Thursday, January 24, 2019

Earned wealth or unearned wealth: we want it.

From Capitalists in the Twenty-First Century by Matthew Smith, Danny Yagan, Owen Zidar, and Eric Zwick.

From the Abstract:
Have the idle rich replaced the working rich at the top of the U.S. income distribution? Using tax data linking 11 million firms to their owners, this paper finds that entrepreneurs who actively manage their firms are key for top income inequality. Most top income is non-wage income, a primary source of which is private business profit. These profits accrue to working-age owners of closely-held, mid-market firms in skill-intensive industries. Private business profit falls by three-quarters after owner retirement or premature death. Classifying three-quarters of private business profit as human capital income, we find that most top earners are working rich: they derive most of their income from human capital, not physical or financial capital. The human capital income of private business owners exceeds top wage income and top public equity income. Growth in private business profit is explained by both rising productivity and a rising share of value added accruing to owners.
True enough I suspect but perhaps past the point. In the 1950s-70s, even into the eighties, the left in the US and Europe were exercised about the "unearned" wealth of trust funders and they assumed everyone rich was a trust funders. It wasn't true then and it isn't true now. The great majority of the rich are wealthy because of decisions, behaviors and hard work on their part.
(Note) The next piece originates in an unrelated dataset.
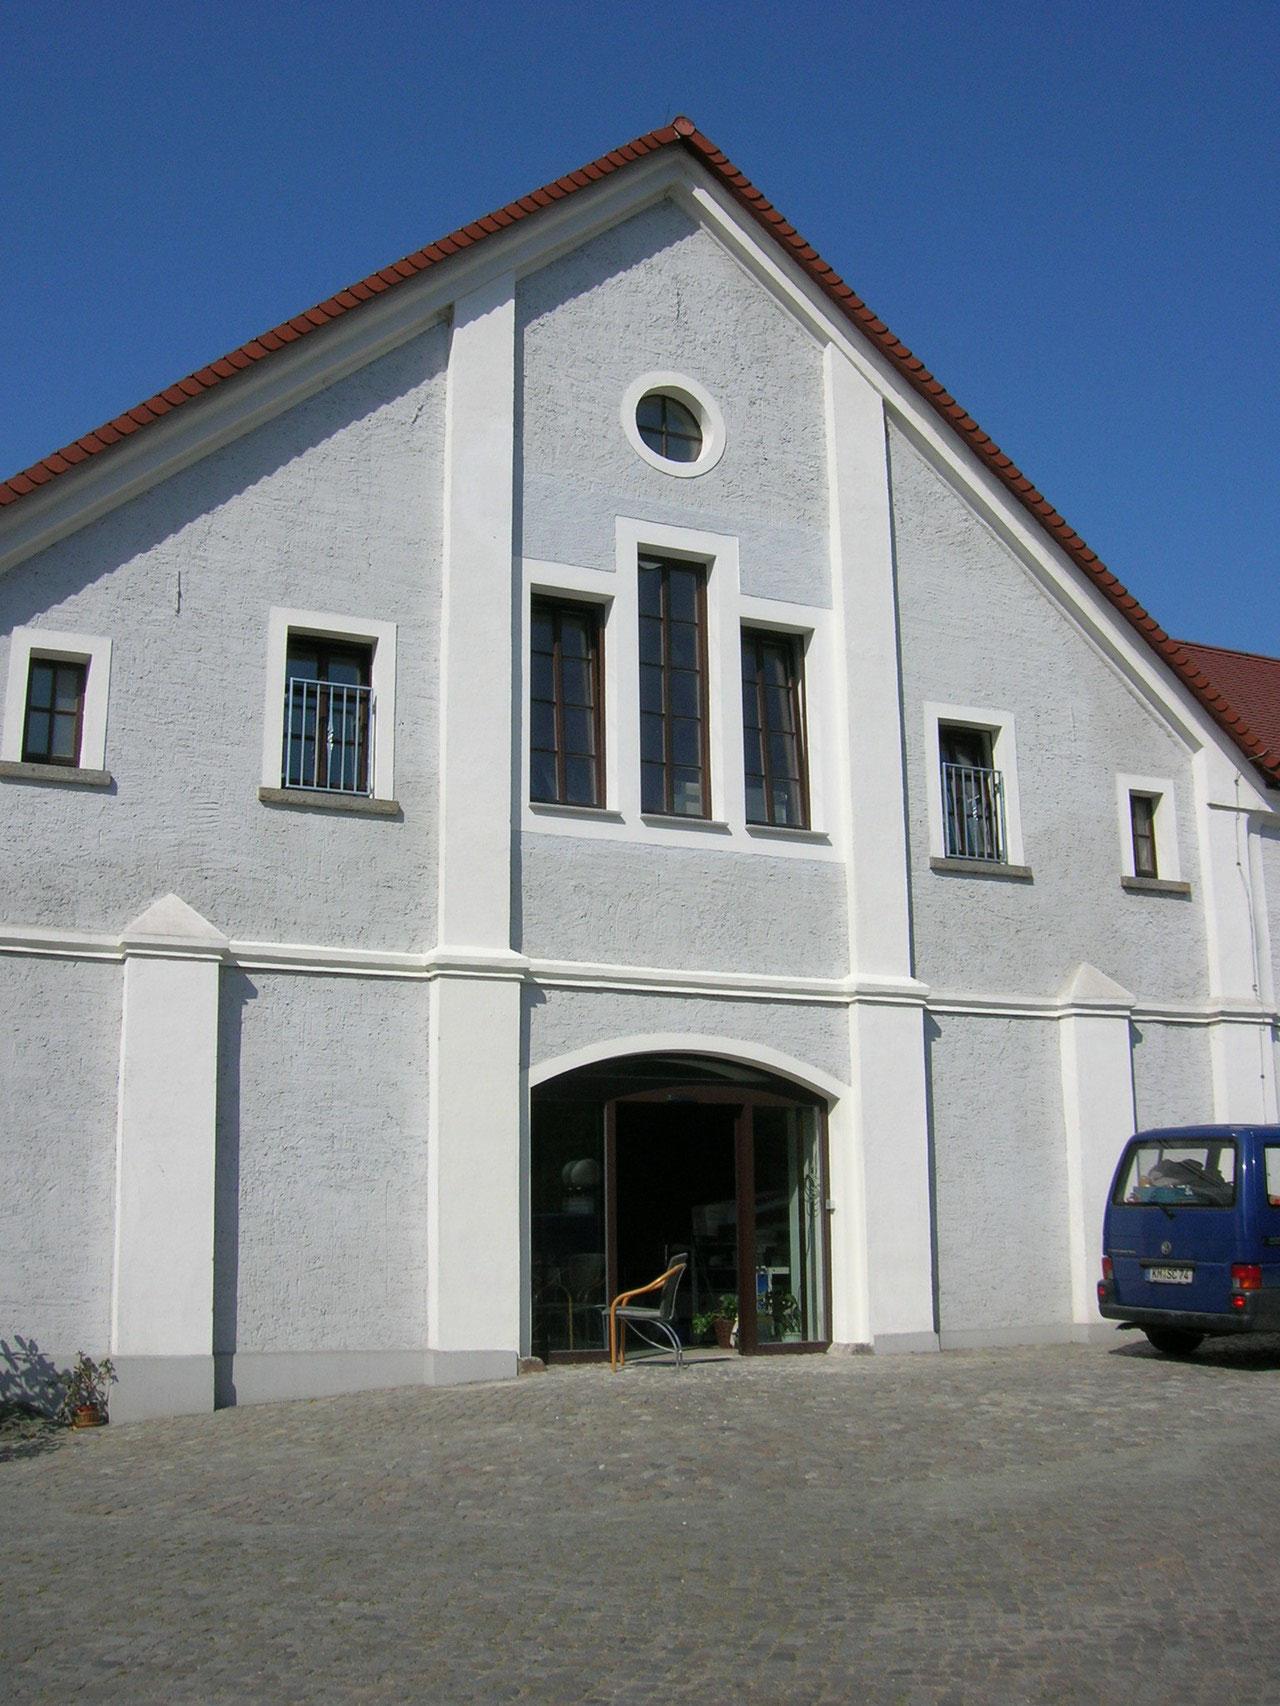 Umbau des Kuhstalles zu Hofladen und Behindertenwerkstatt, 2008

It is a small minority who live of the trust funds of their ancestors. But the time for focusing the argument solely on that small minority of trust-funders has passed.

Unfortunately we have entered late-stage neo-marxism where facts no longer matter. It is sufficient for someone to earn more than another. It doesn't matter if they earned their good fortune. "Excessive" wealth is now a sin to expatiated by giving up possessions to those who want wealth without having to work for it. Trust-fund or hard-earned income - the new position is - "Gimme."